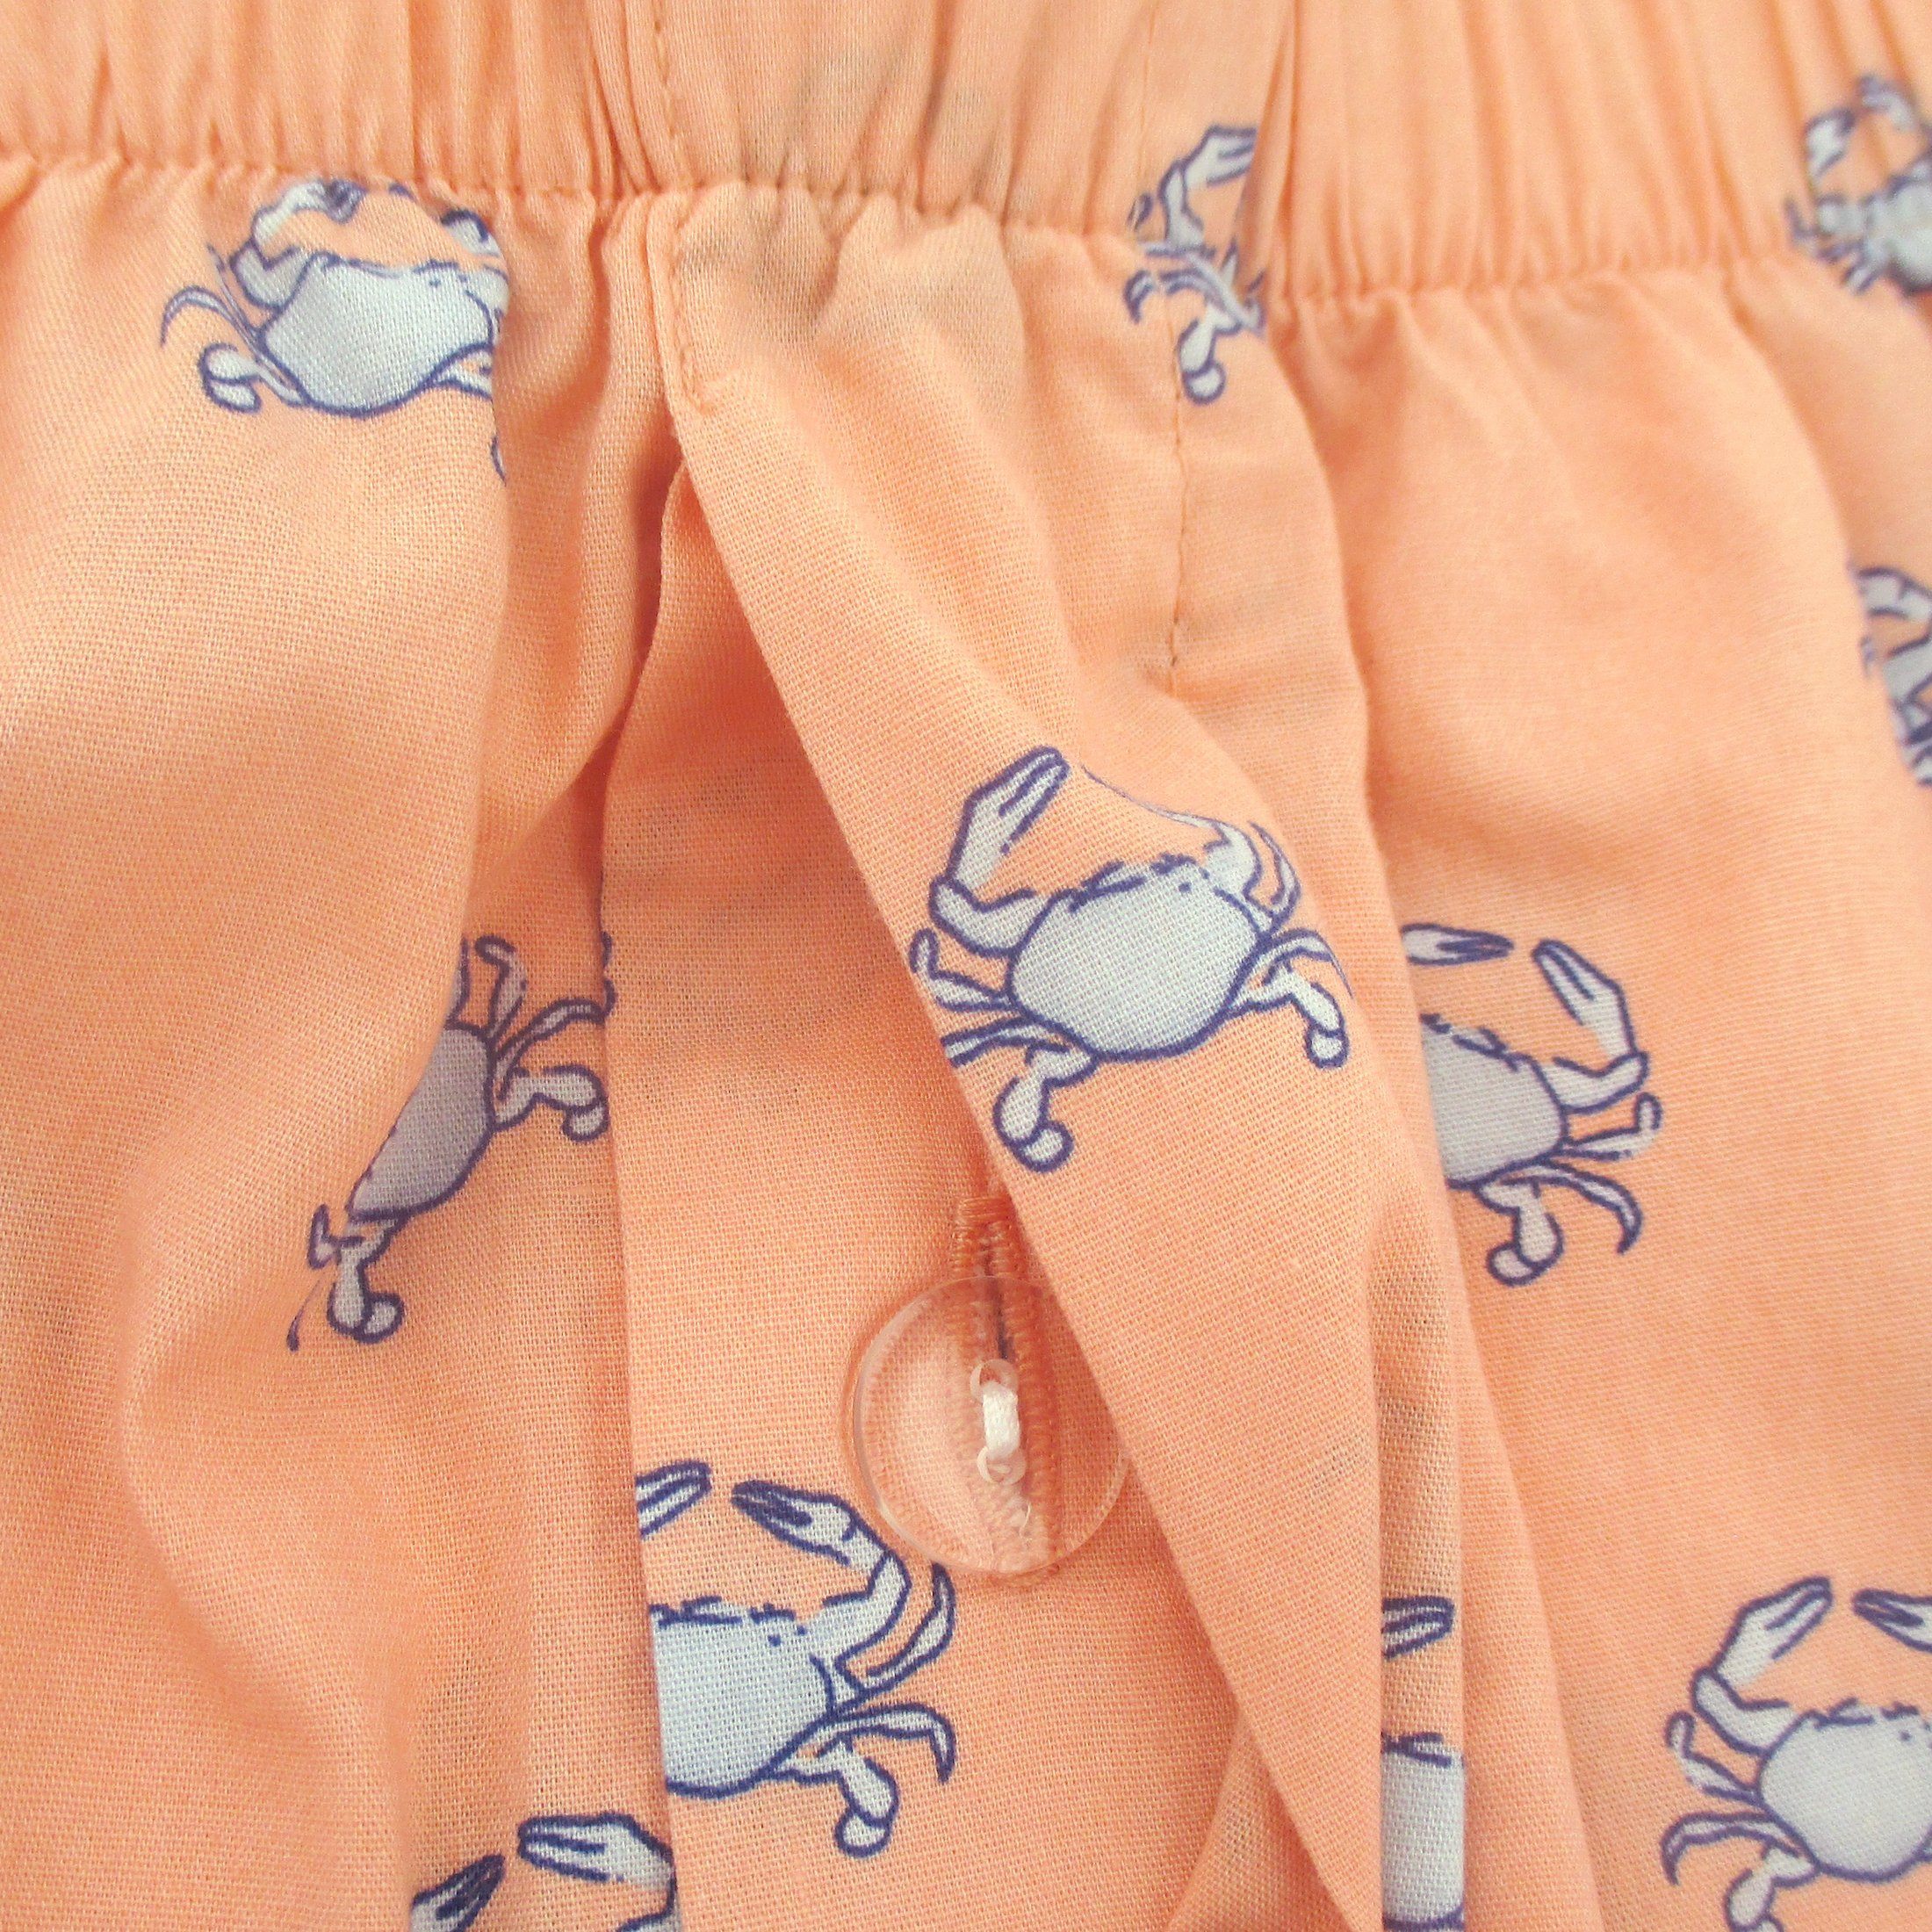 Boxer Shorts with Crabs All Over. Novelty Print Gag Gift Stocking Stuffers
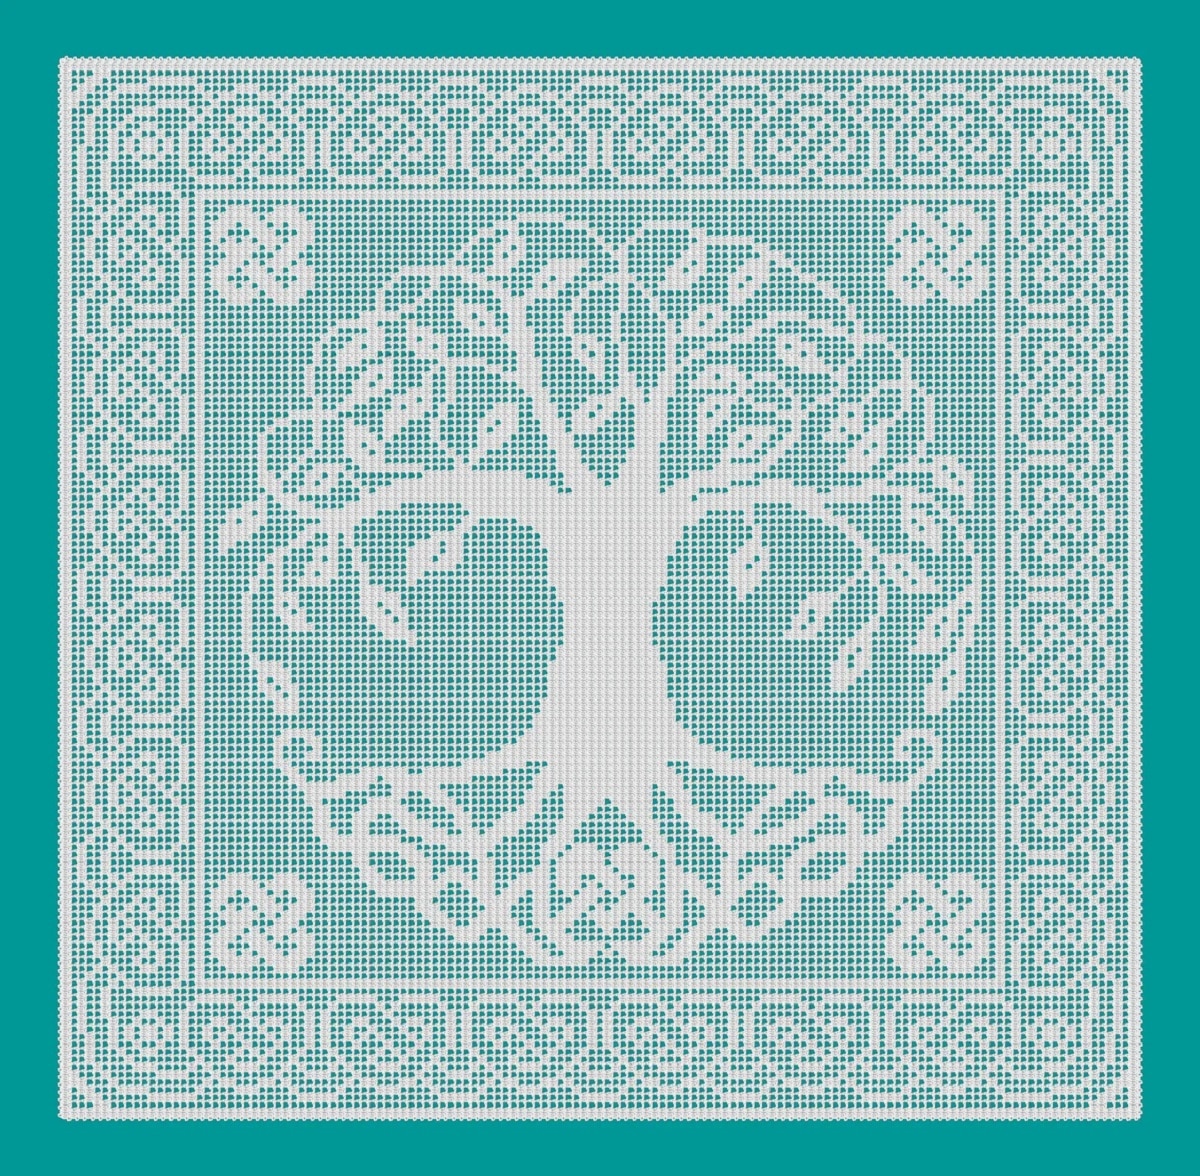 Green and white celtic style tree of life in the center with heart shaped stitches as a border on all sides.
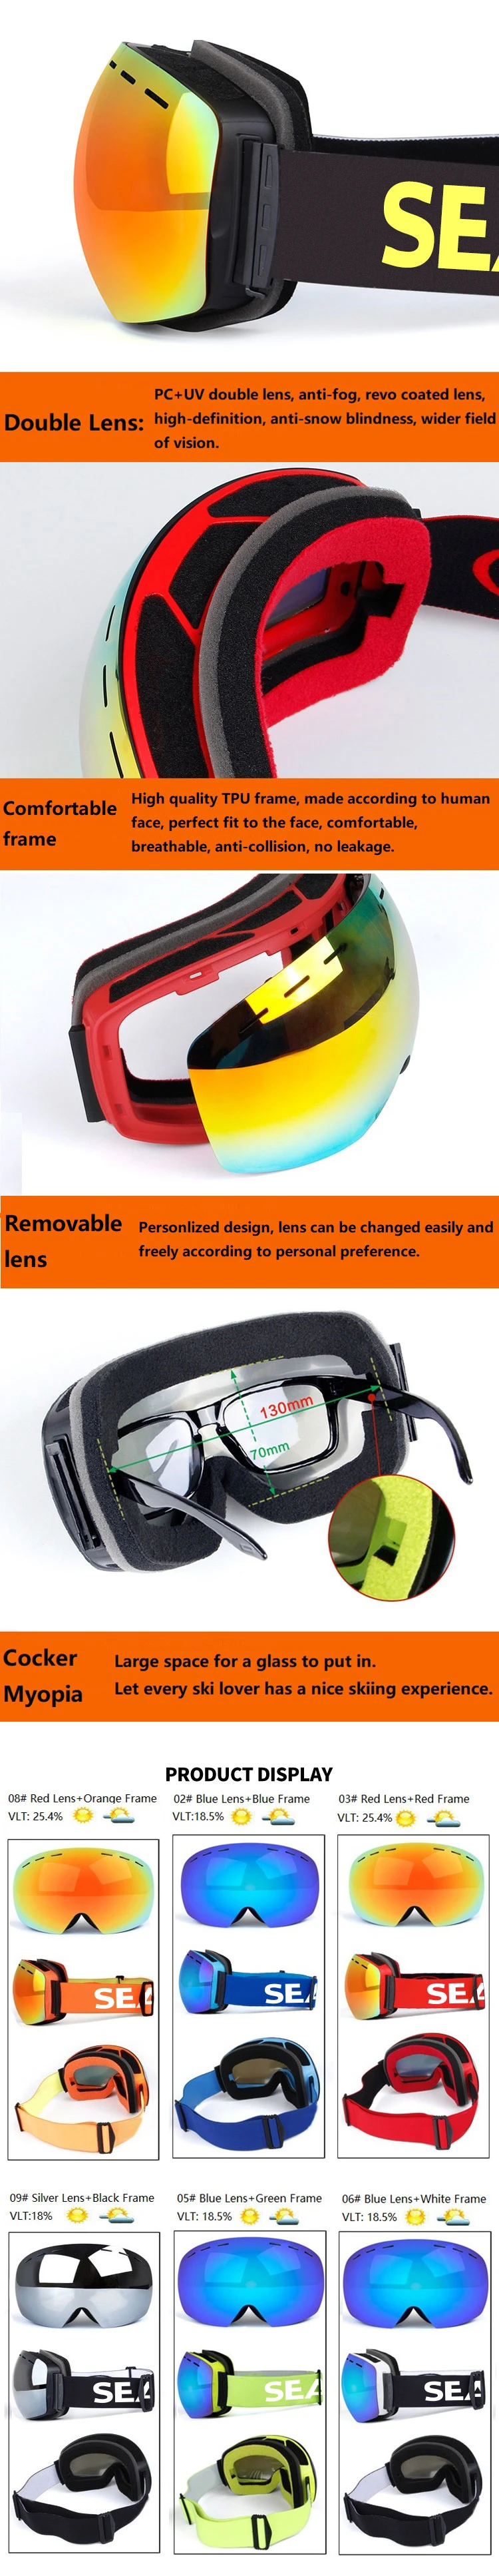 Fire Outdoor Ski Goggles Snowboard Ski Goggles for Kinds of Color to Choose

__AIM OF THE TASK__: Write down exactly the lines running from the line with "Green and white" through the end of the material, both ends included, and none of the pictures.

__EXERCISE ANSWER__:
 Green and white celtic style tree of life in the center with heart shaped stitches as a border on all sides.
 Fire Outdoor Ski Goggles Snowboard Ski Goggles for Kinds of Color to Choose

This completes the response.